СВ обрадовало пустотой и уютом. Чистая скатёрка на столе, аккуратные занавески и тихий шум кондиционера вызвали на лице слуги народа довольную улыбку. Степан Витальевич бросил кейс на койку, уселся рядом и уставился в окно, за которым моросил осенний дождь, косо роняя на стекло редкие капли. Спустя несколько секунд в дверь постучали:

— Да-да? – отозвался слуга народа.

Миловидная проводница в голубой рубашке и тщательно выглаженной синей юбке, осторожно приоткрыла дверь и спросила:

— Желаете что-нибудь? Чай, шоколад?

— Не-е, — осклабился Степан Витальевич. – У меня пиво в кейсе.

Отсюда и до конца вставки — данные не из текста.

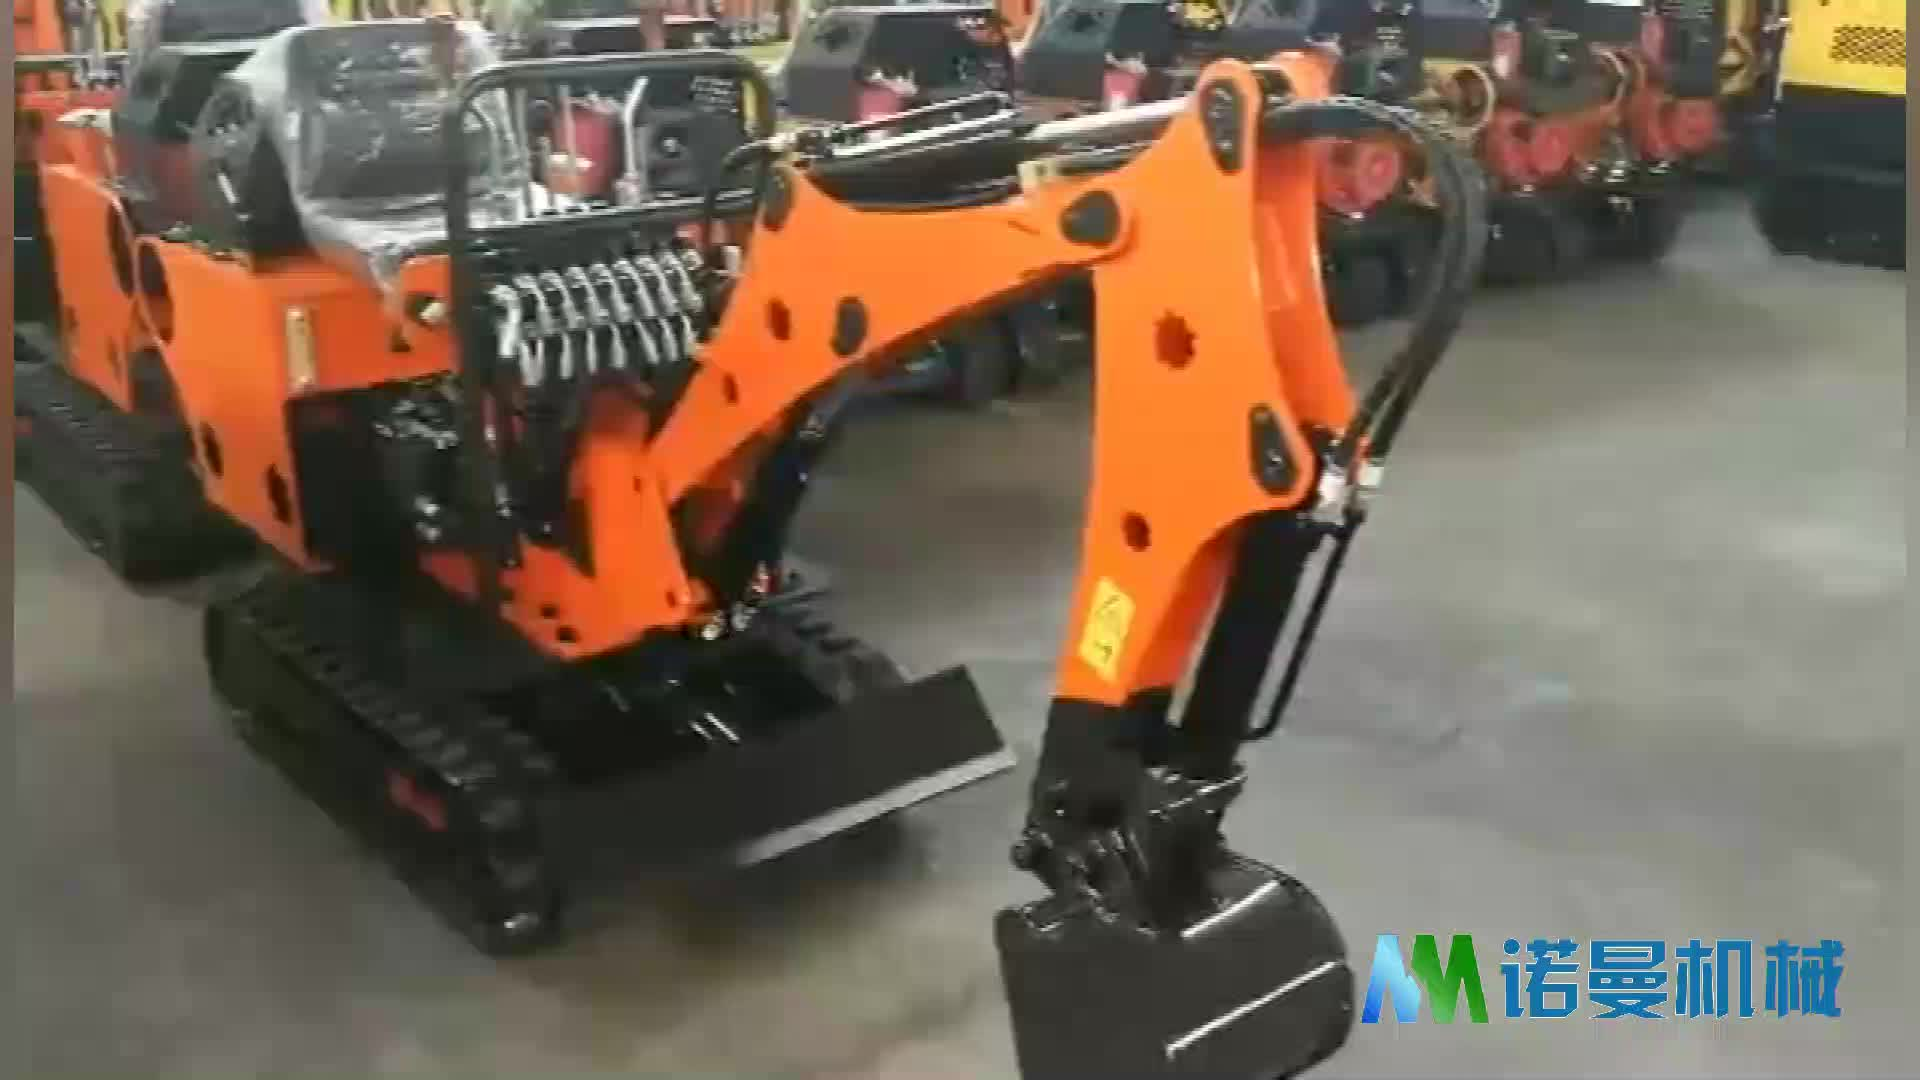 Nt08 Nt10 910kg mini escavadeira 820kg novos produtos pequeno
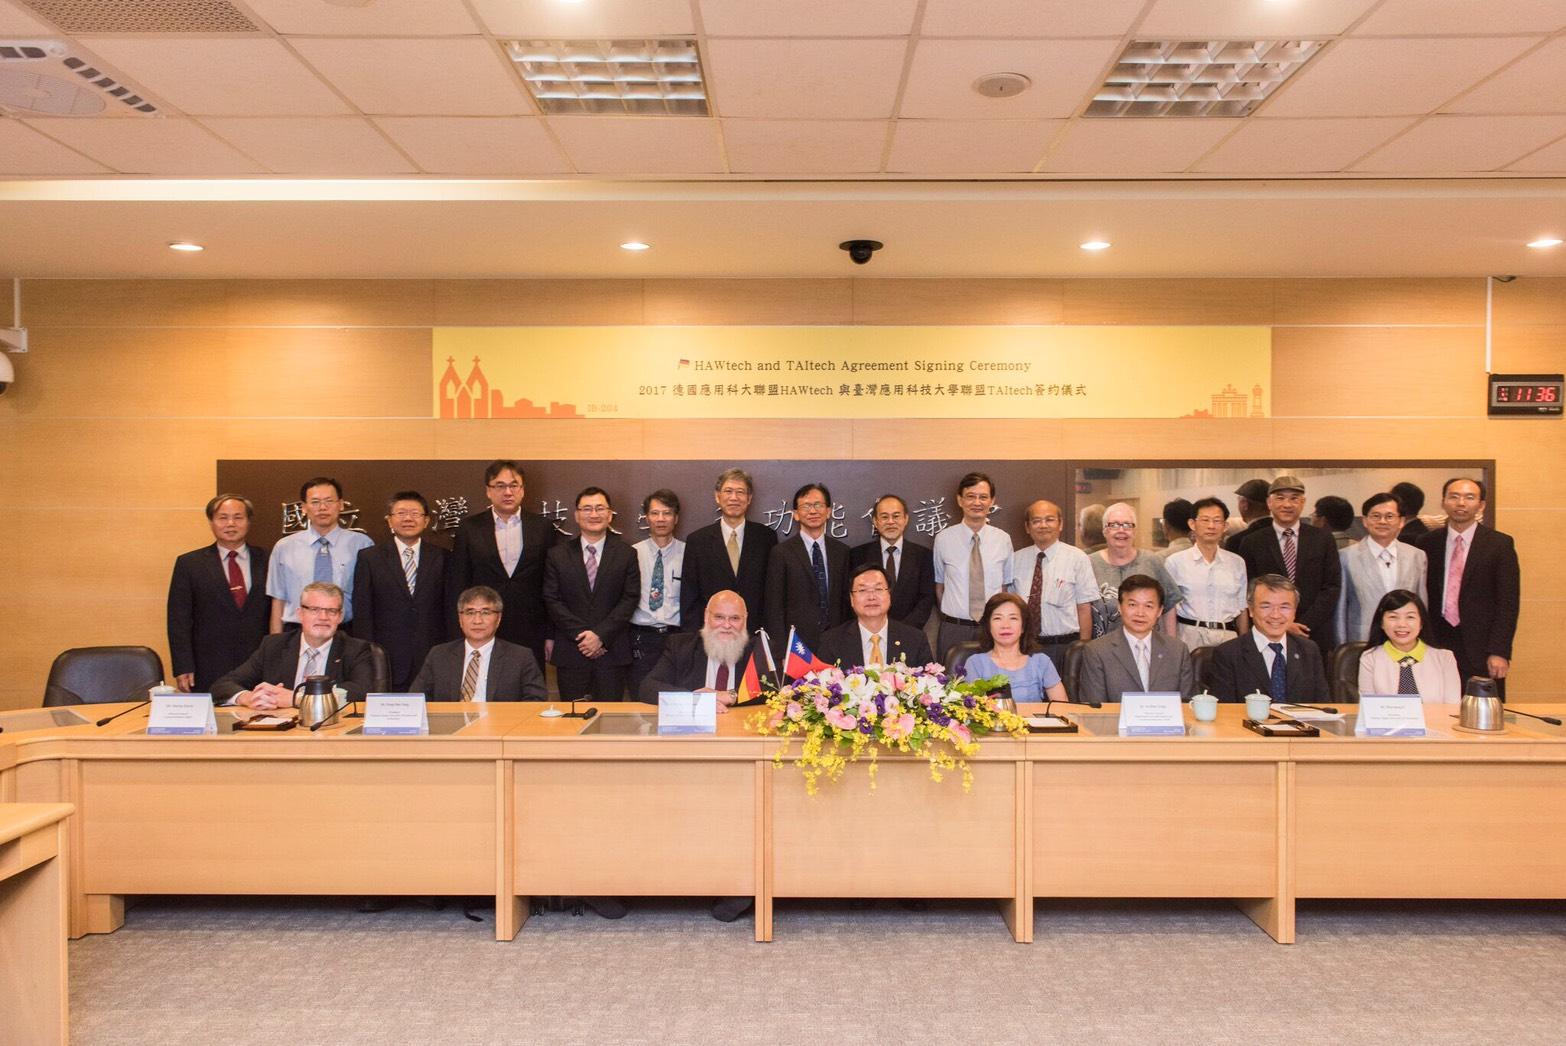 臺德科技大學聯盟簽約-開啟技職人才培育國際合作新模式_圖片_大圖

— Если что понадобится – обращайтесь.

— Ну разве что вы мне понадобитесь... – пустил слюни в похабной улыбке слуга народа.

Выщипанные брови проводницы вспорхнули вверх.

— Простите? – спросила она.

— Вас как зовут?

— Светлана.

— Светлана, понимаете, — Степан Витальевич бесцеремонно оглядывал стройные ноги проводницы, — Я за рулём обычно, алкоголь редко себе позволяю. Машина дорогая, «Майбах». А тут впереди вся ночь, у меня с собой только две баночки чешского пива и три рыбки. Вы это… пивом торгуете?

— Да. Сто рублей бутылка. Пиво отечественное. Принести вам?

— Да не, пока не надо. Это… если захотите составить компанию одинокому пассажиру…

— Я на службе, — холодно ответила Светлана.

— Эх! – вздохнул слуга народа, хлопнув себя по ляжкам. — Ну что ж, тогда я может сам к вам зайду, пивка прикупить…

— Хорошо. Приятной дороги.

Дверь закрылась одновременно с кивком Степана Витальевича.

Слуга народа довольно потянулся, вынул из кейса целлофановый пакет с воблой и банку пива. Лёгкий хлопок — и прохладный пенистый напиток полился в жадное горло.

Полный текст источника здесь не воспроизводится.